Tell us what life looks like now that you’re sleeping and feeling better.
Jose Ancer: Yeah. I no longer take supplements and I and shockingly I no longer drink caffeine. I have gone completely caffeine-free which I haven’t done since I was a teenager, right? Which I’m not that old, but I mean let’s call it 20 years ago, right? and I can definitely say that I am a calmer, happier, better human being, better husband, better father. You know, things that you wouldn’t expect to get from an insomnia clinic. I mean, yes, I’m sleeping better. I actually still have some withdrawal symptoms of the benzos that interact with foods that I eat and so and so on. that I’m dealing with. And it’s and I’ve read that it takes it can take a year or two for very sensitive people to get a fully normal sleep architecture from a benzo withdrawal.
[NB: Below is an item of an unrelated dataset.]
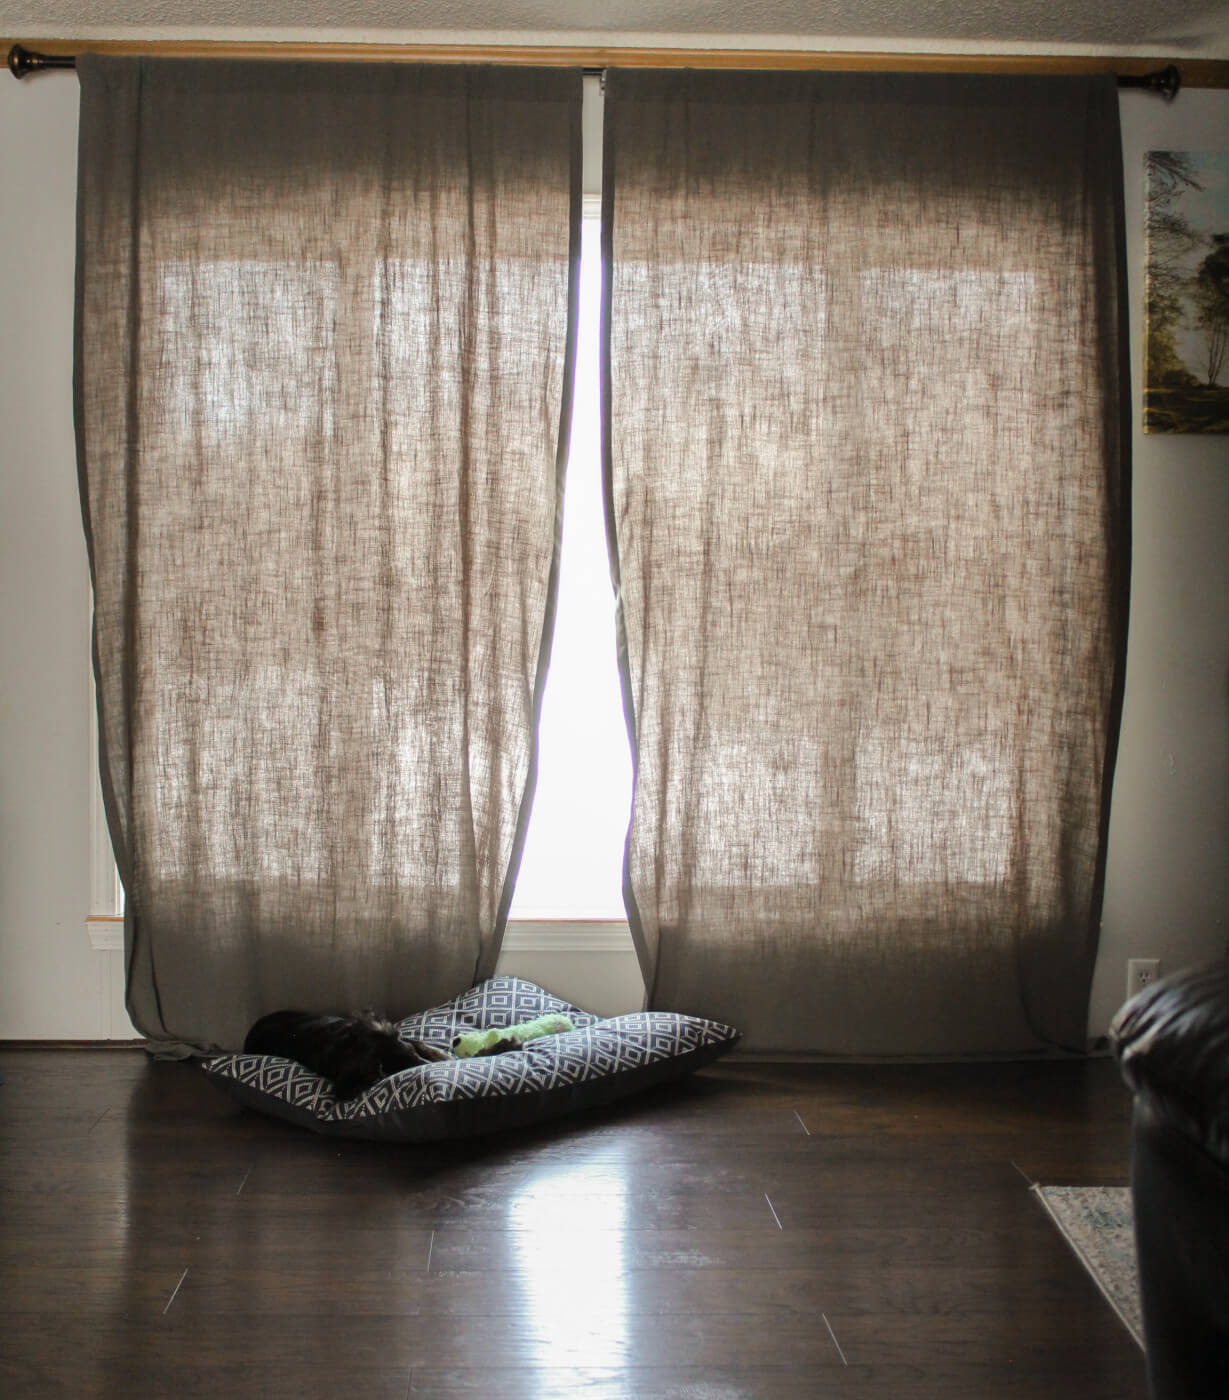 sewing curtains

But even with those symptoms that still kind of come and go, sometimes I’m just happier. You know, I don’t feel the need to rely on stimulants. I don’t feel the need to and I have fully learned how trying to sleep is counterproductive. There’s no mental process. There’s no meditation you can do. There’s no book, you can read that’s going to make you sleep. It’s really just, you know, eat well, keep a good, keep a good bed routine, learn to deal with, identify and deal with your anxieties. Deal with them. Don’t suppress them, don’t ruminate on them. And so now my process for going to sleep is more about letting go and accepting that sleep is something that just if you’ll stop thinking about it, it will happen.
Um you know, one of the most important things for me was learning like of all the functions in our body, the one that probably is the strongest and is the hardest to break is your sleep, you know, systems in your brain. I mean very, very, very rarely does sleep go haywire in normal healthy people. and so realizing how strong sleep is, how very rare it is for your mind to actually not be able to sleep. you know that it’s all kind of a sense of security and calmness that I’ve gotten that, you know, has, I’ll carry on for a long time. But yeah, so it’s funny how you know, the issues that can be leading to your insomnia tied a much bigger picture issues about marriage and life and success and career. and so, you know, I probably, I probably could say that I got, I got a lot more out of the process and the interactions than just, you know, dealing with my sleep, which is great.